▸ WORK ITEM
Drop the pictures and repeat the remaining data exactly.

▸ SOURCE MATERIAL
=======

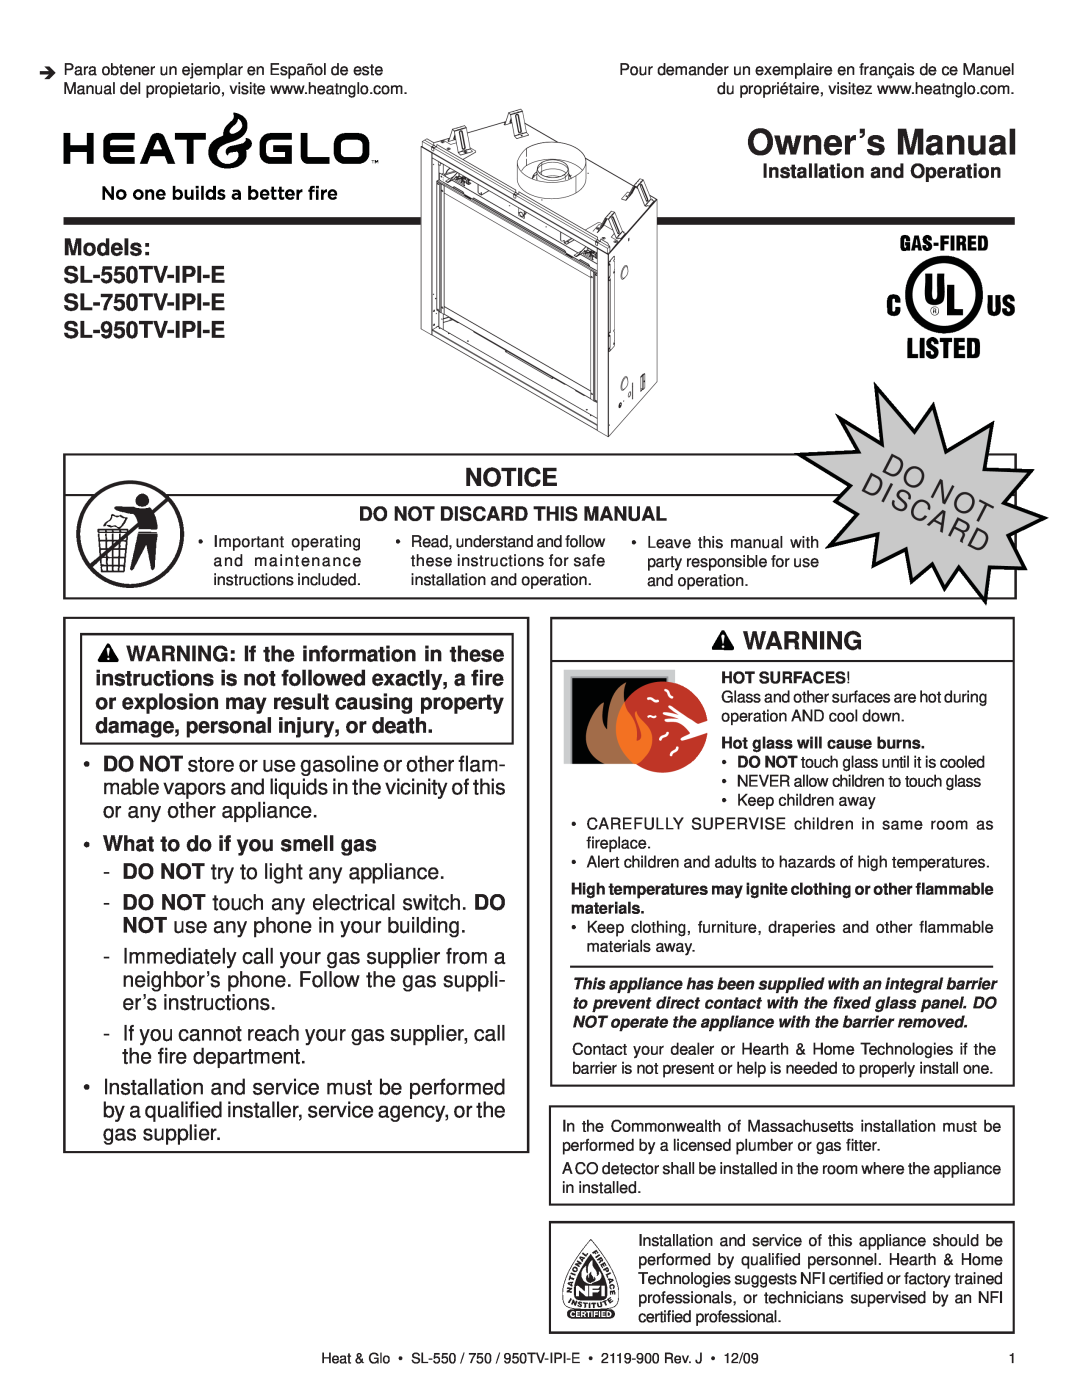 Heat & Glo LifeStyle owner manual What to do if you smell gas, Models SL-550TV-IPI-E SL-750TV-IPI-E, SL-950TV-IPI-E 
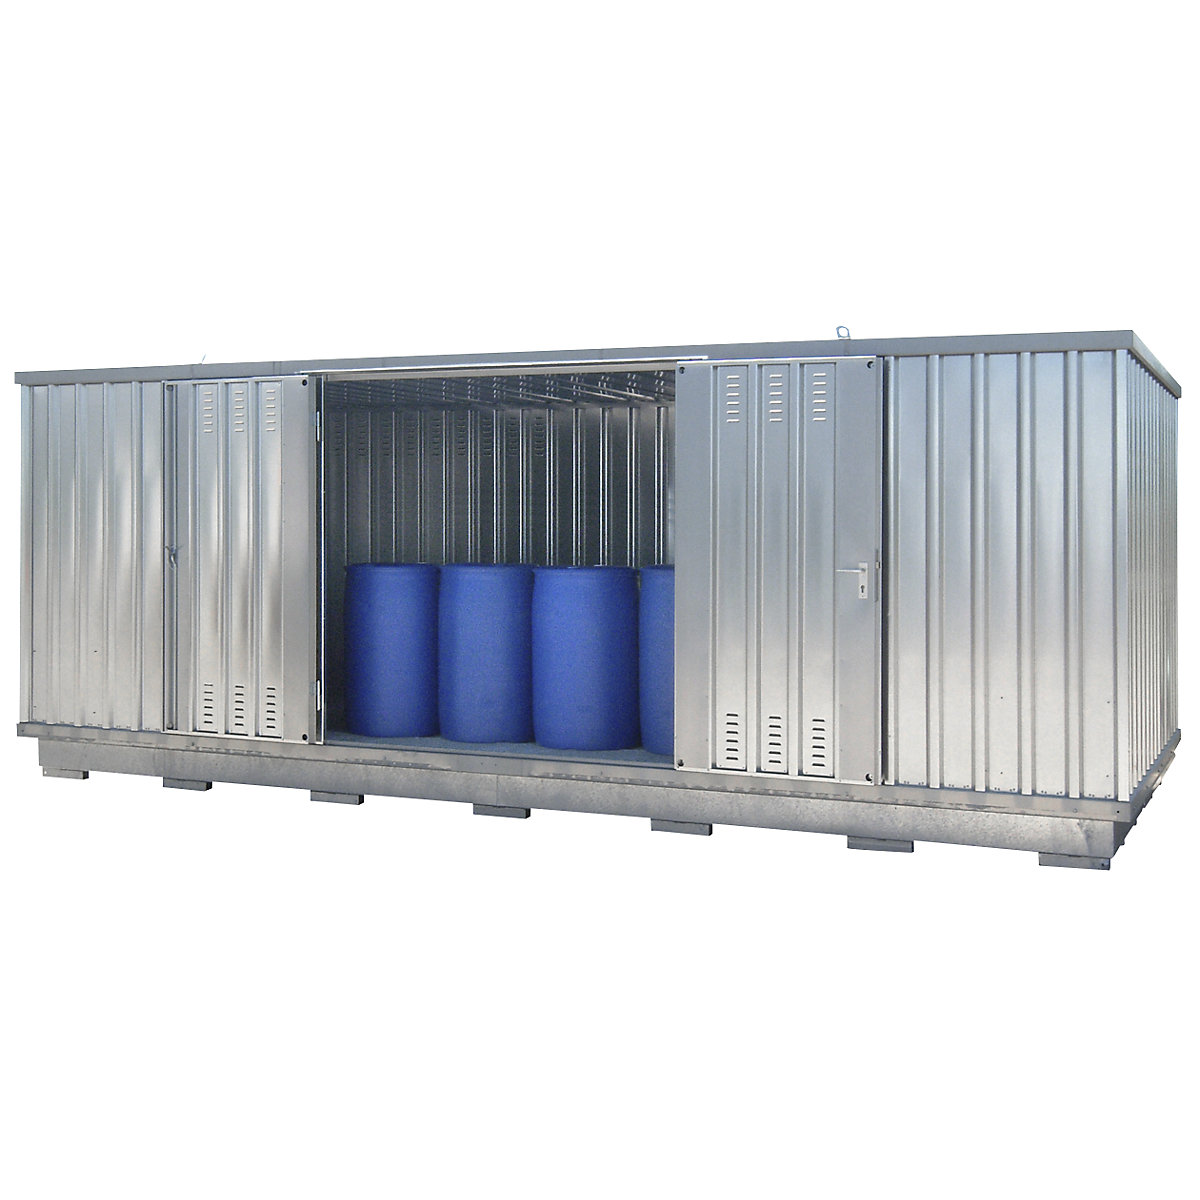 Hazardous goods storage container for water hazardous media, external HxWxD 2385 x 6075 x 2875 mm, zinc plated
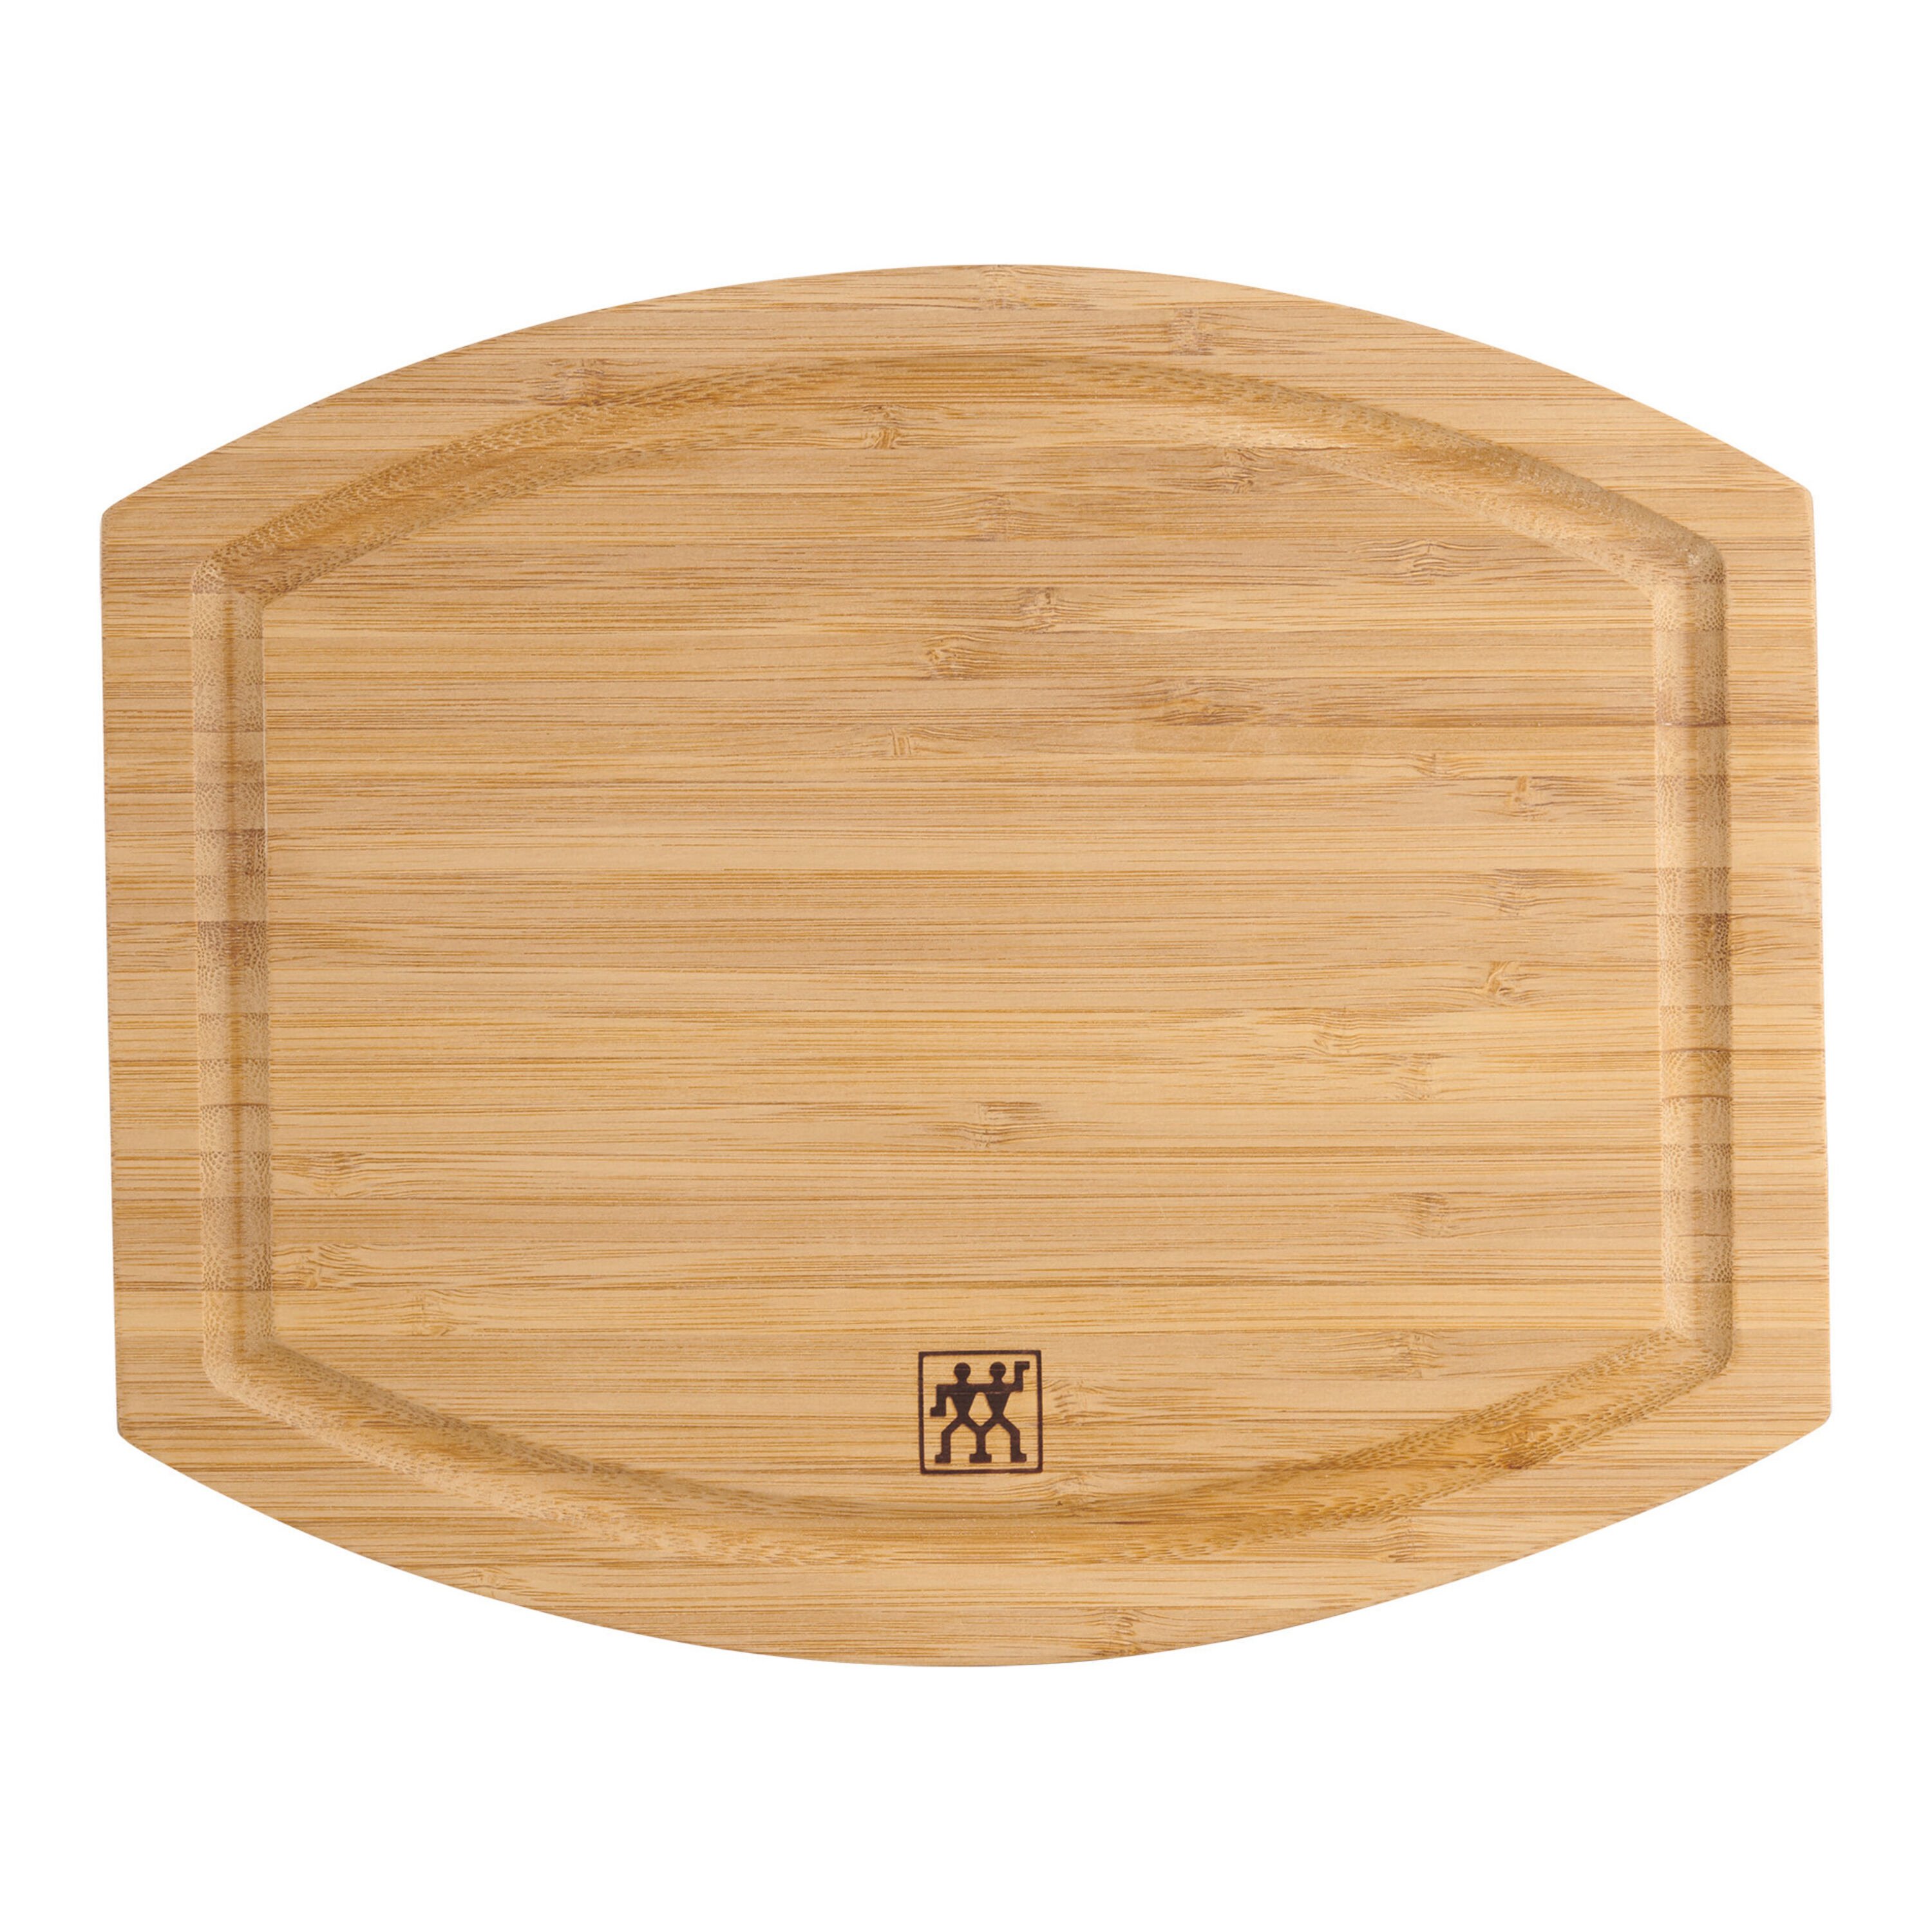 Zwilling Cutting board cherry wood - 35x25 cm- ZW35123-300

=======

▸ TASK ANSWER
 Heat & Glo LifeStyle owner manual What to do if you smell gas, Models SL-550TV-IPI-E SL-750TV-IPI-E, SL-950TV-IPI-E 
 Hazardous goods storage container for water hazardous media, external HxWxD 2385 x 6075 x 2875 mm, zinc plated
 Zwilling Cutting board cherry wood - 35x25 cm- ZW35123-300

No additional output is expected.